Note, I am not suggesting YOU can't use YOUR car, merely suggesting that government has a role in providing safe alternatives, even if you're a libertarian. If you're a libertarian, you should be in favour of market pricing mechanisms. This isn't government promoting anything, nor is it isn't a war on the motorist. Can we really go on sitting in traffic for hours (when I say "we", I mean "you". I'm long-gone)? Wouldn't it be better if, on a sunny day, you weren't put off taking a bike to work for a change because of a perceived danger? It's about giving the options, not taking them away. Wouldn't it be nice if there was an incentive for your employer to allow you to work at home? Do we really ALL need to make the journey to work at the same time?

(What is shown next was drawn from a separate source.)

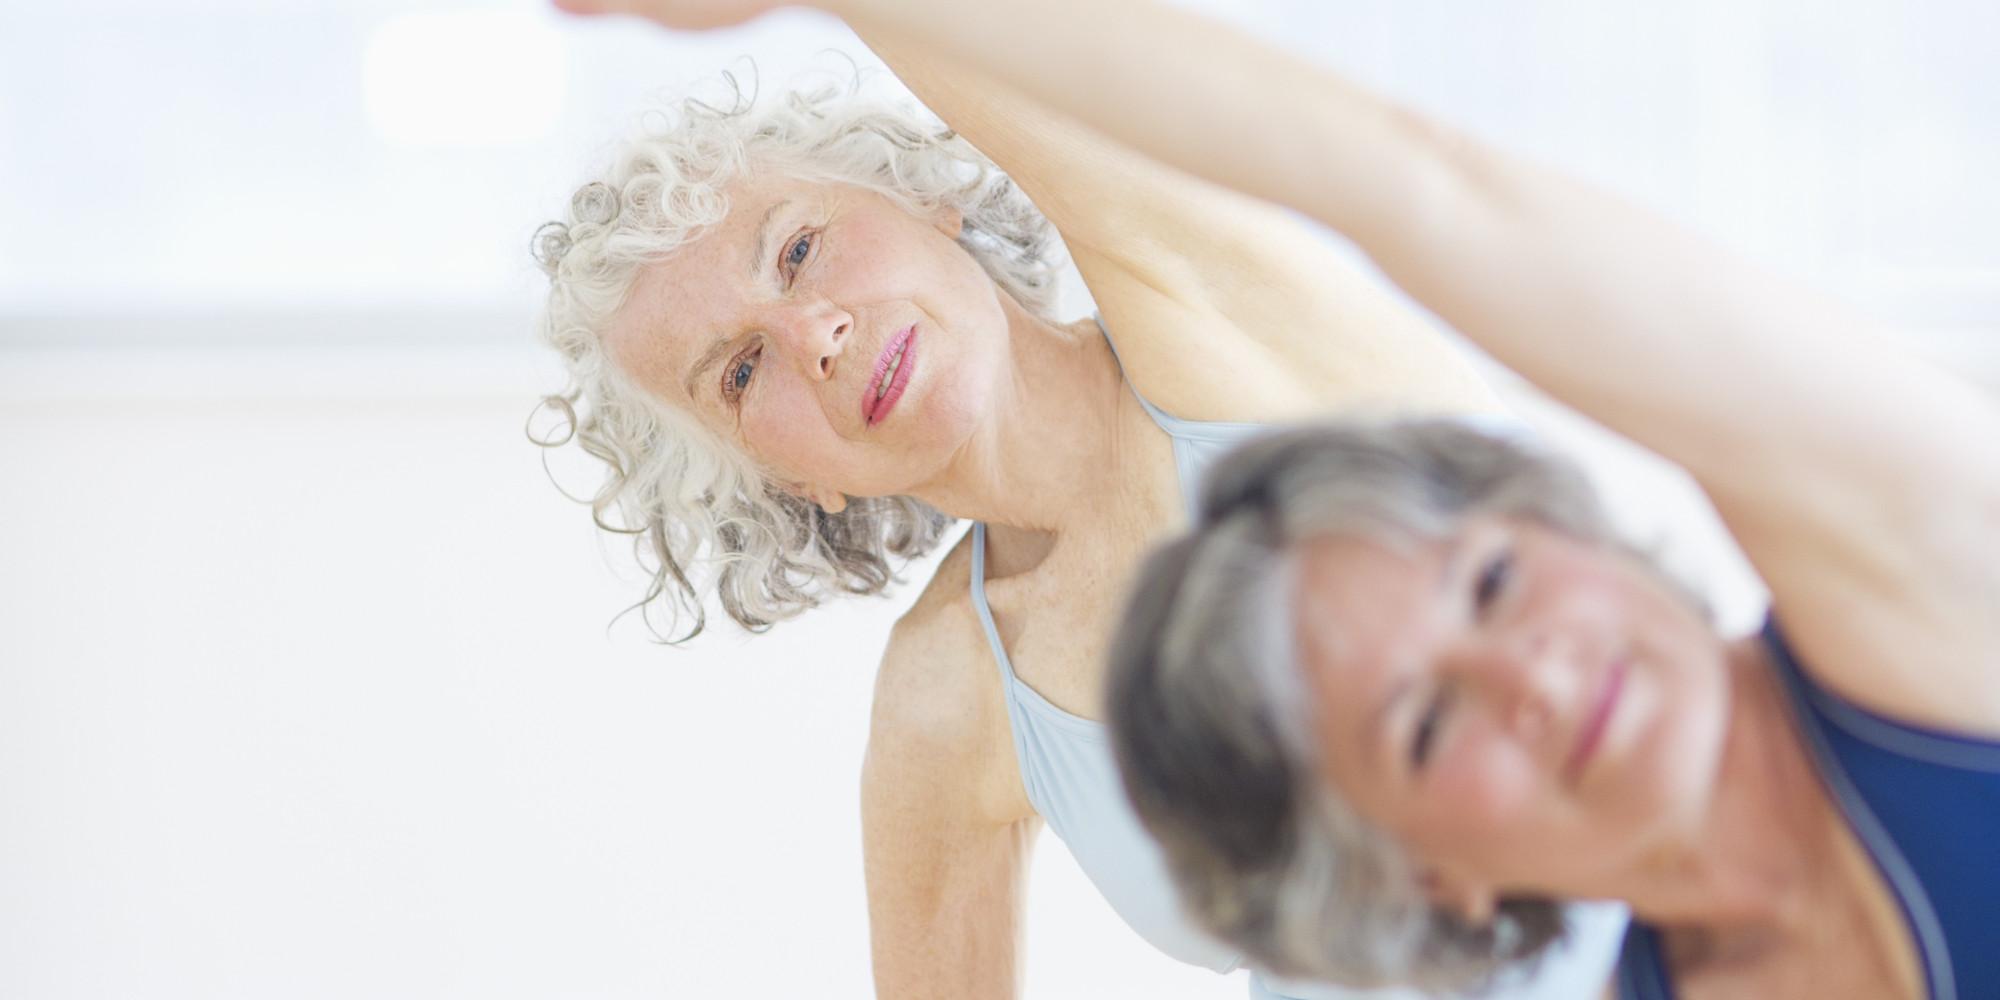 OLDER-PERSON-YOGA-BE YOGA STUDIO - Yoga for senior - yoga for eldre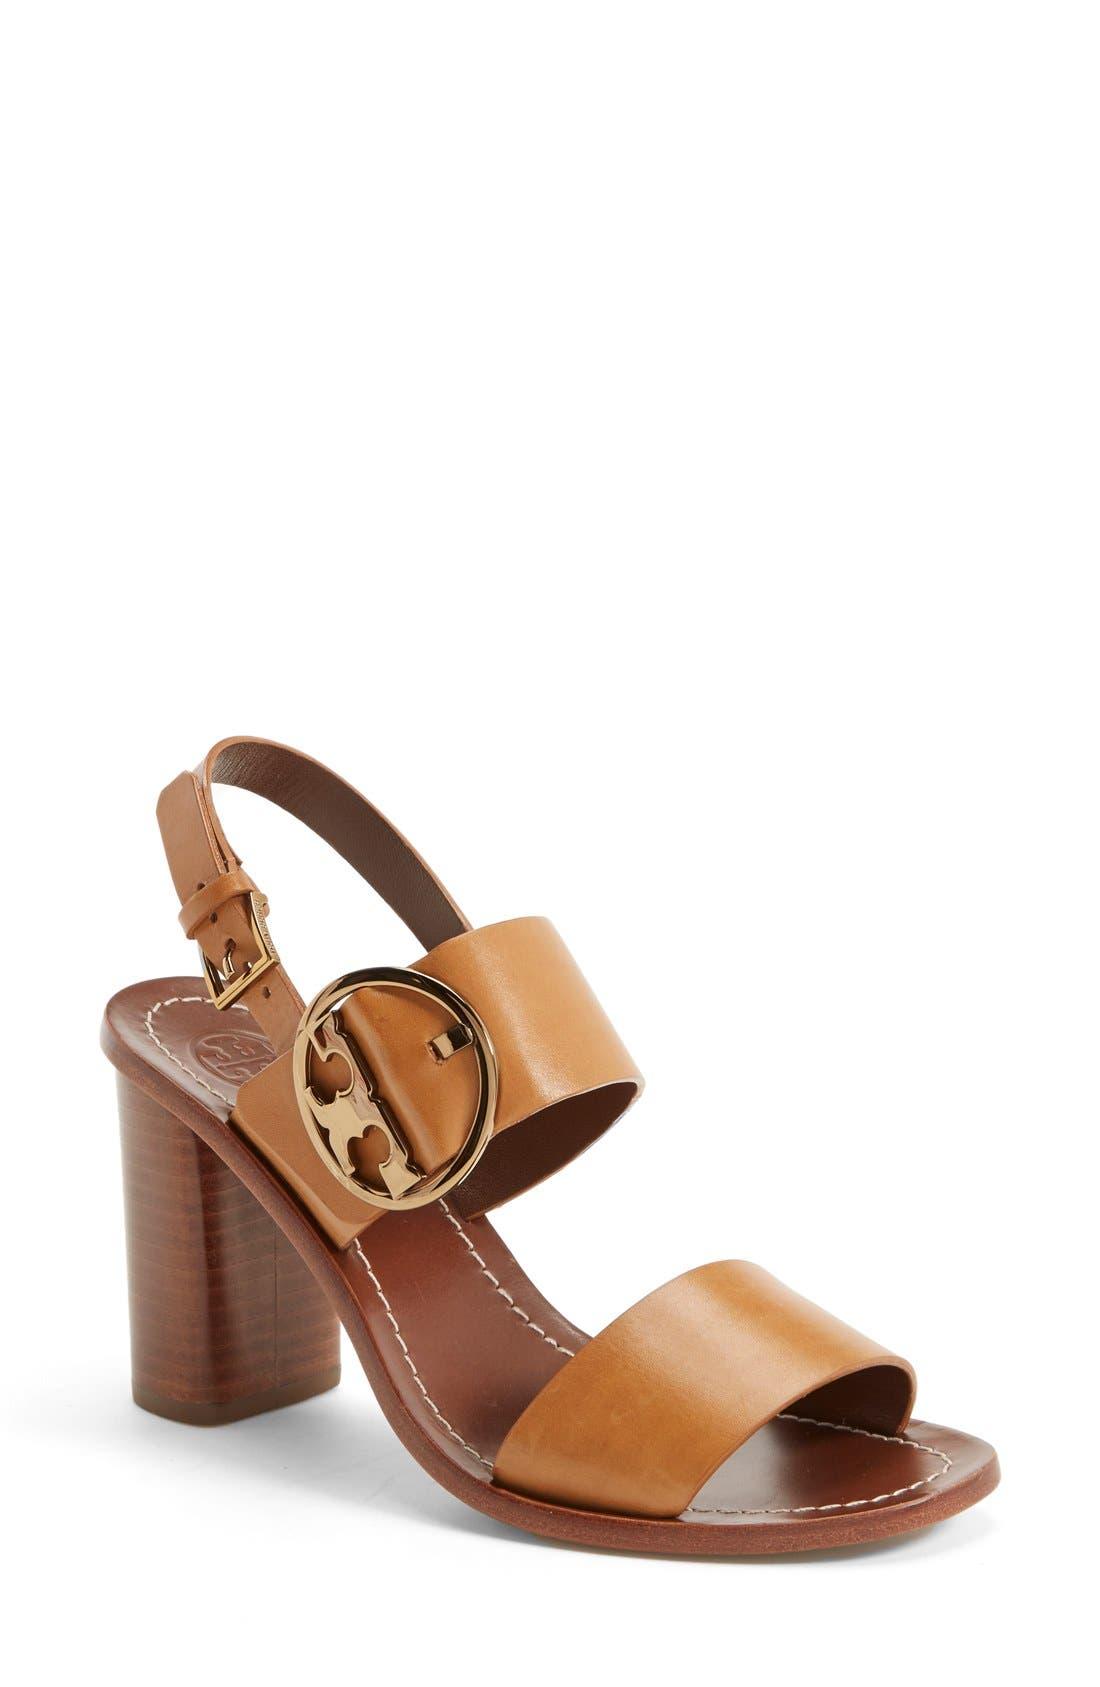 Alternate Image 1 Selected - Tory Burch 'Thames' Sandal (Women)

Without a pricing mechanism which captures at least some of the externalites, you will not have the most efficient use of resources, and we're all poorer for it.
Finally, and much more broadly, we have the wrong basis for taxation. Why do we tax jobs, leading to fewer jobs; why tax profits, we want more; why not tax externalities instead? Pigovian taxes make more sense than income taxes because the tax can create a positive outcome in more efficient useage of resources. Wouldn't that make sense?